Classes in D and C++
Bill Baxter
dnewsgroup at billbaxter.com
Sun Mar 4 23:49:32 PST 2007
Lionello Lunesu wrote:
> Andy Little wrote:
>> Hi all,
>>
>> I have been evaluating D over the last day in comparison to C++.
>>
>> The template metaprogramming stuff is great and I think its
> > a real improvement over C++.
>>
>> Sadly though theshowstopper for me is user defined types
> > ( classes). I was hoping that I could port my physical quantities
> > library to D, but the killer is the difference between classes in
> > D and C++.
>>
>> In C++ it is possible to create classes that act pretty much like
> > inbuilt types. I used this to good effect in my quan library.
>>
>> Unfortunately in D although you can do:
>>
>> class X{
>> this( int n_in){...}
>> }
>>
>> Its not possible it seems to do e.g this:
>>
>> X x(3);
>>
>> rather you have to do:
>>
>> X x = new X(3);
>
> Why don't you use "struct" instead? A struct can have functions,
> operator overloads, just no constructor/destructor/virtuals, but for
> simple types these shouldn't be needed.

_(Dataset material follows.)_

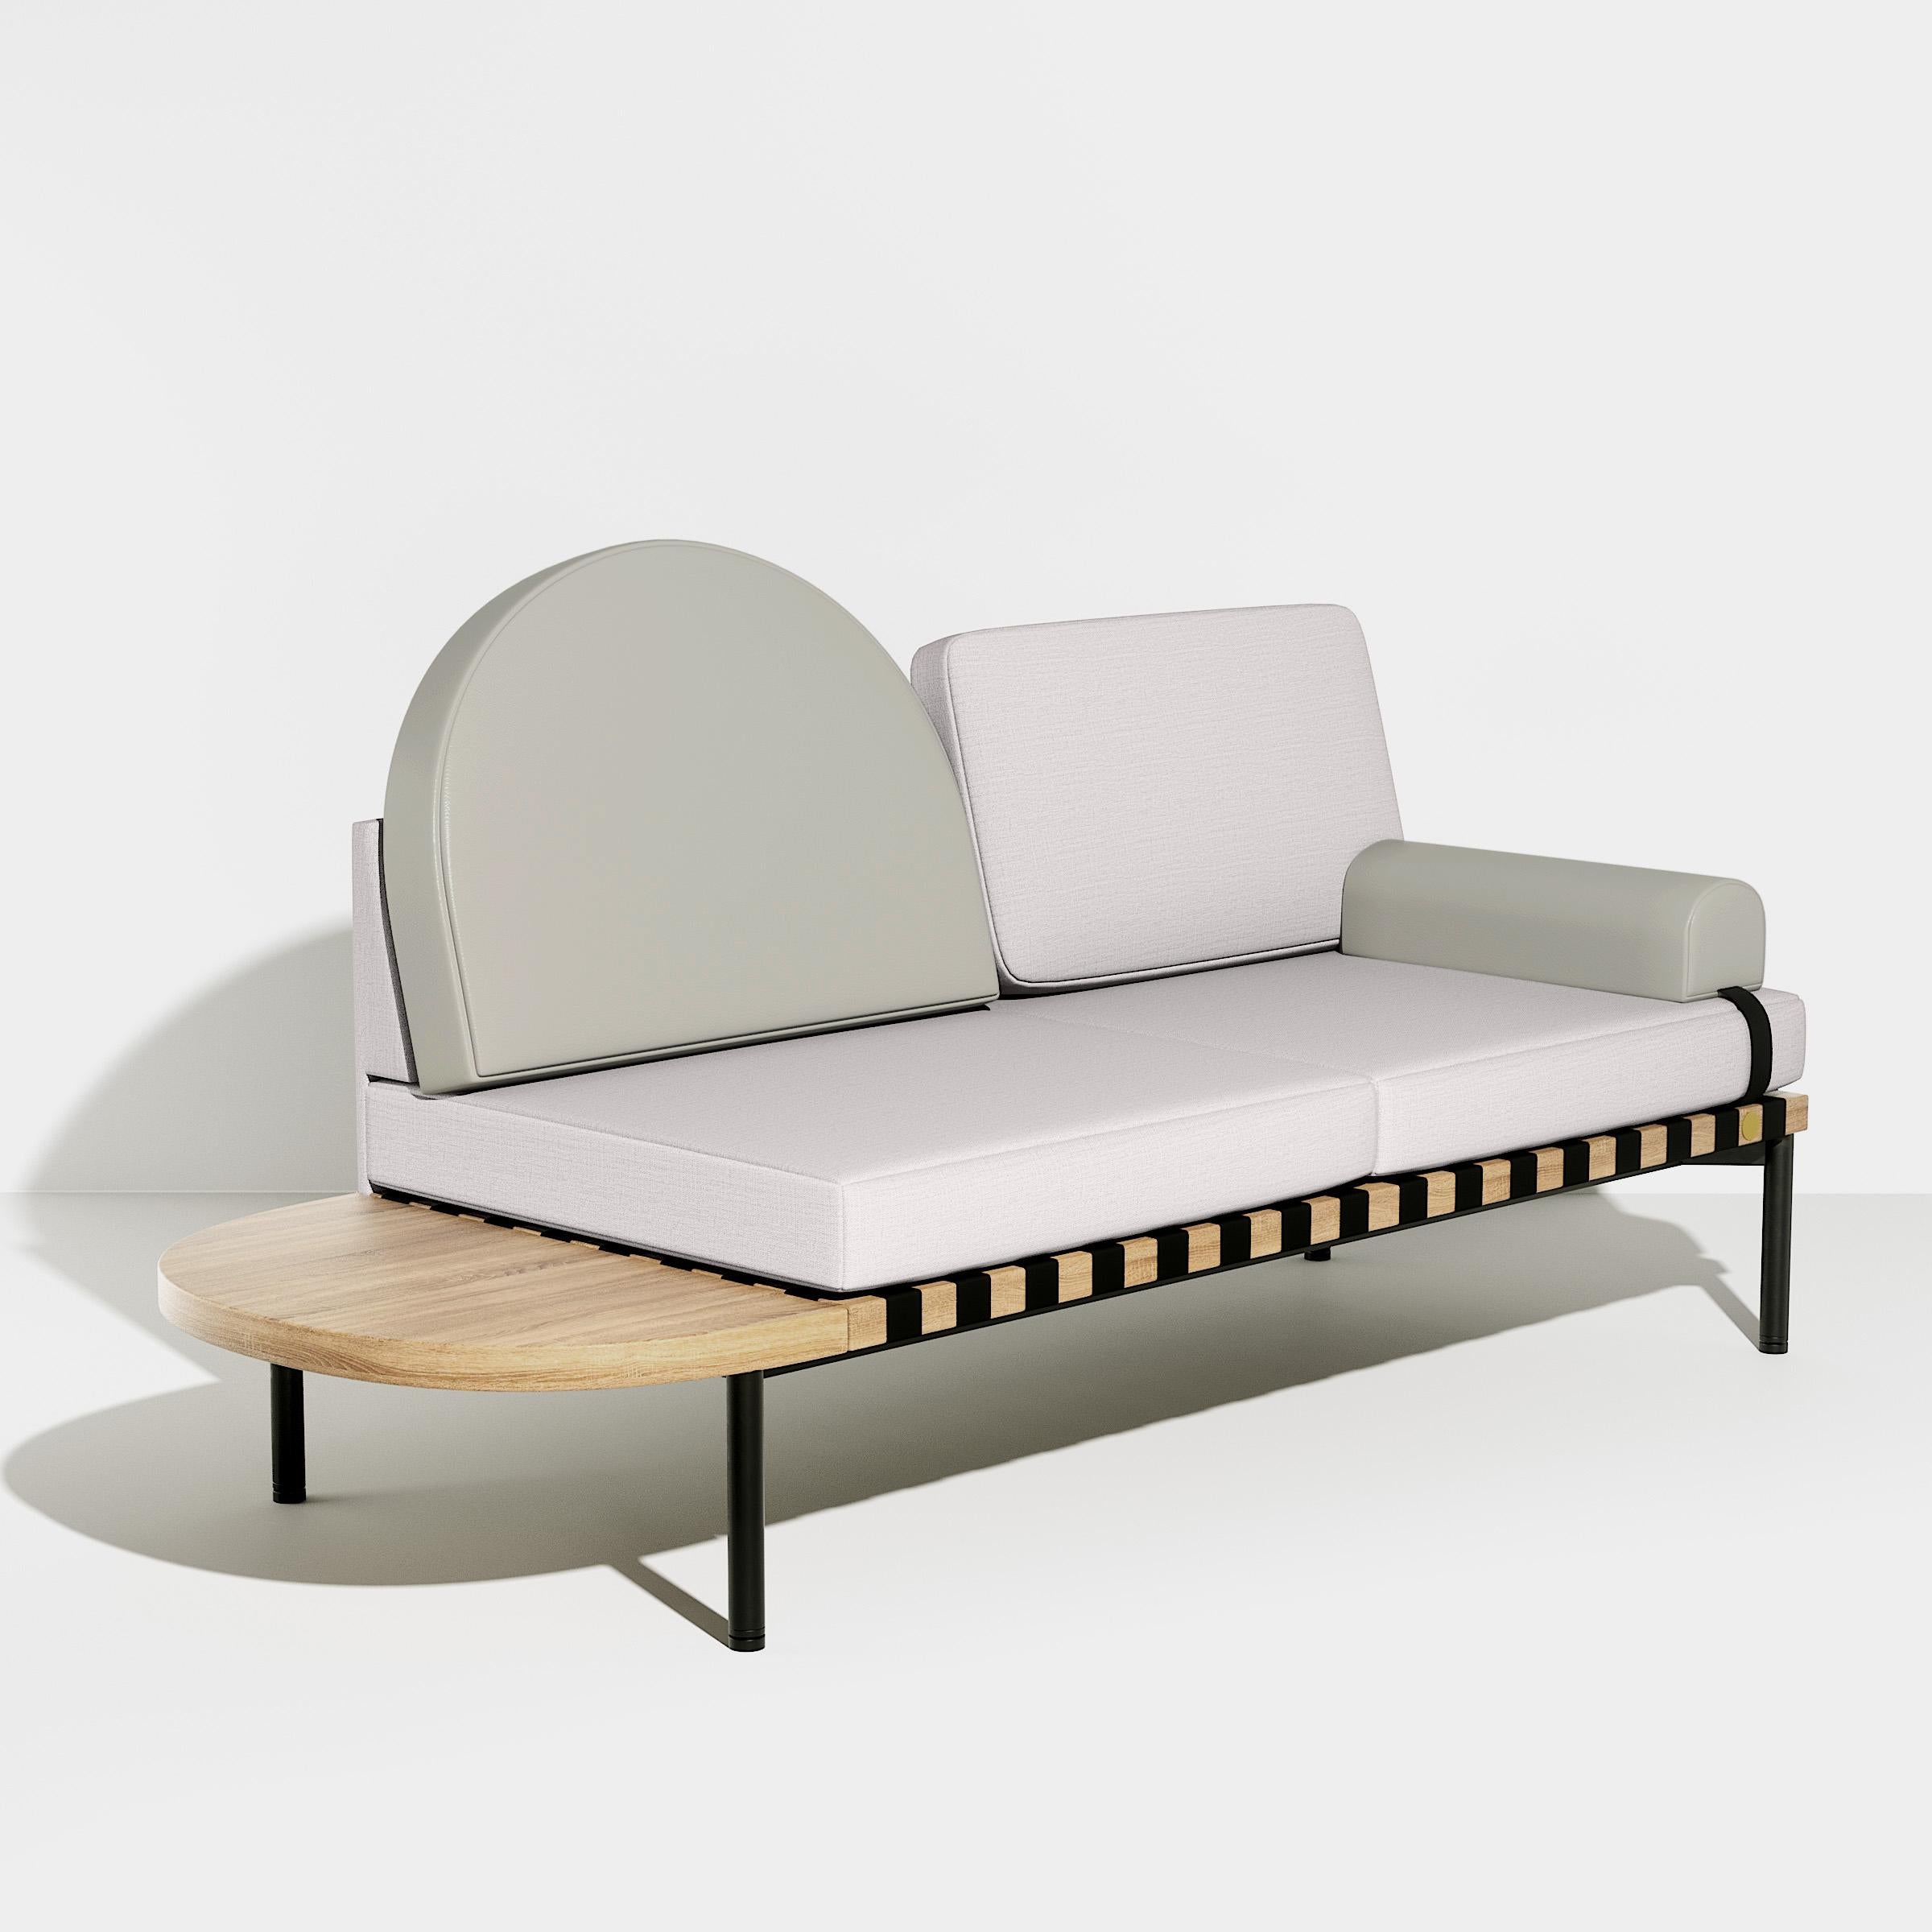 Petite Friture Grid Daybed in Grey-blue Upholstery by Studio Pool, 2015

Pool designed the Grid collection in reference to the Bauhaus style and in honour of the graphic talents. Each element of this all-modular system retains the identity of the

For custom types that behave as
> value types, you should be using a "struct" instead of a class.
>
> Instead of a constructor, create a "static opCall". opCall is the
> overload for "(..)" so you can instantiate your type similar to C++:
>
> struct SomeType {
> int member = 0;// default initializer here
> static SomeType opCall( int whatever ) {
> SomeType st;
> st.member = whatever;//custom initialize
> return st;
> }
> //...
> }
>
> SomeType st = 2;//construction
>
> No need for constructors ;)
>
> L.
I don't think that quite works as you wrote.
I think it needs to be
SomeType st = SomeType(2);
or
auto st = SomeType(2);
if you want to avoid repeating your repeat-avoiding self repeatedly.